Auditorio Telmex (English: Telmex Auditorium, originally Auditorio Metropolitano) is an indoor amphitheatre, located in Zapopan, Jalisco, Mexico.

Telmex, the largest communications company in Mexico, sponsored the auditorium and is one of the main centerpieces of the University Cultural Center, which is a large cultural project created by the University of Guadalajara.

The building was designed by Mexican architect José de Arimatea Moyao and it is located on Parres Arias Av., in Zapopan.
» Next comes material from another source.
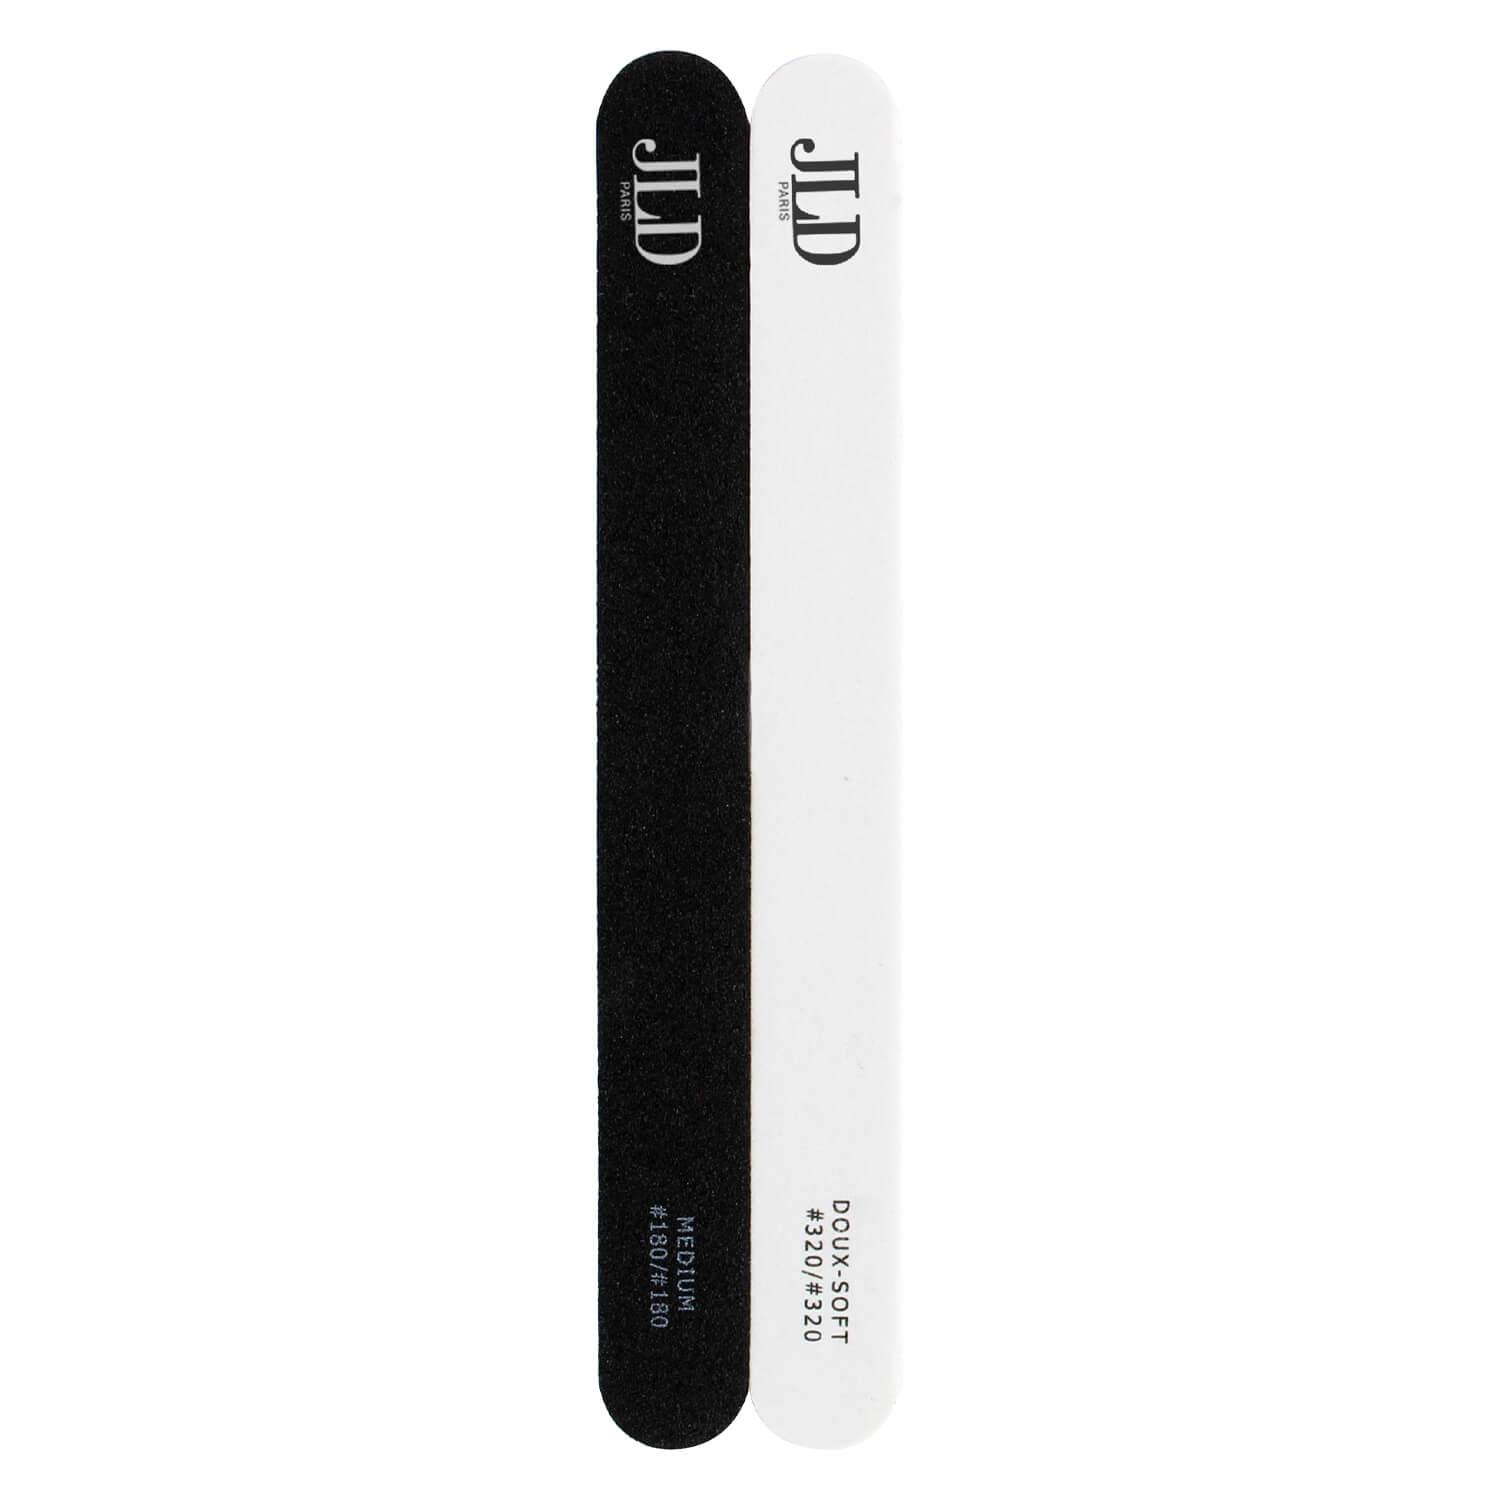 JLD - Double-ended fine and coarse professional nail file

Throughout its short history, it has hosted a number of events and concerts and it is considered the main show center in Western Mexico.

==History==
On September 1, 2007 the auditorium was officially opened with a grand opening event hosted by Plácido Domingo.
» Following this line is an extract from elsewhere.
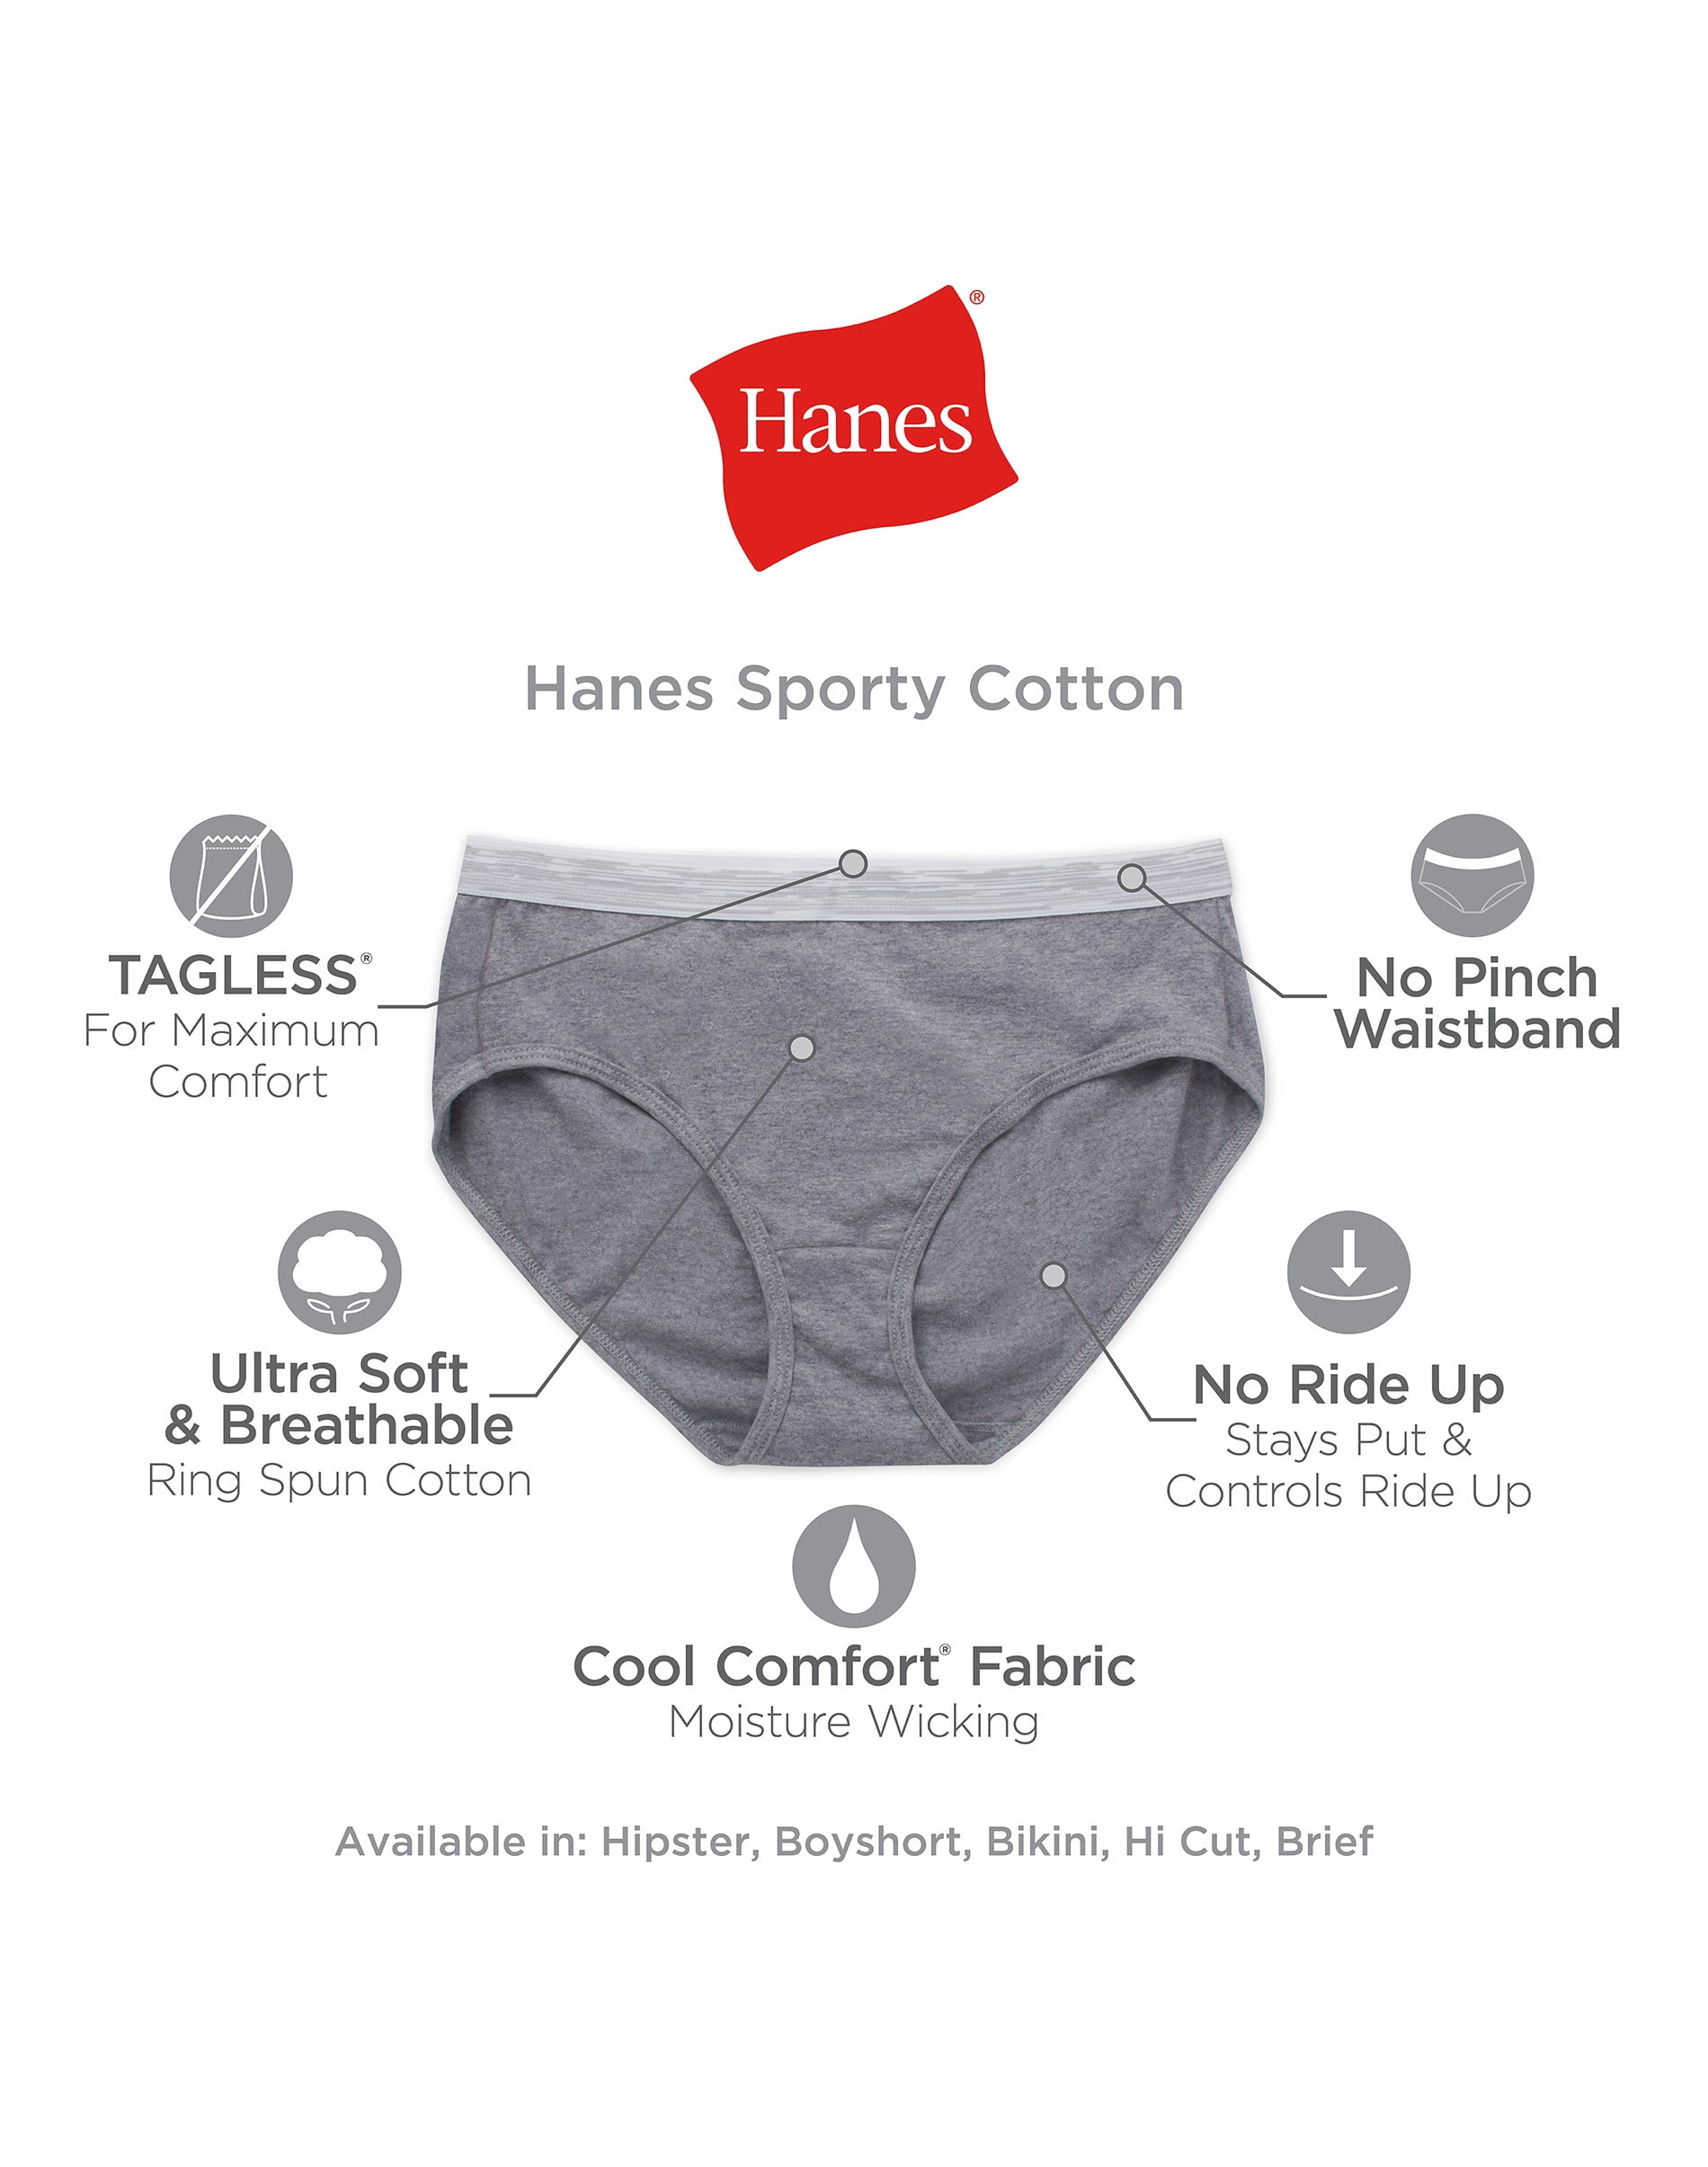 Hanes Women's 6-Pack Ribbed Cotton Hipster Underwear UK

During its construction, the University of Guadalajara was supported by the federal government of Mexico, the government of Jalisco, the Municipality of Zapopan, the Chamber of Deputies of Congress and the state Congress.

The auditorium is constructed to suit events both small and large as it is equipped with mechanically movable platforms and the sound stage can be adjusted in size by moving its movable walls. There are also 27 suites built in and an underground parking lot with direct access to the venue is available.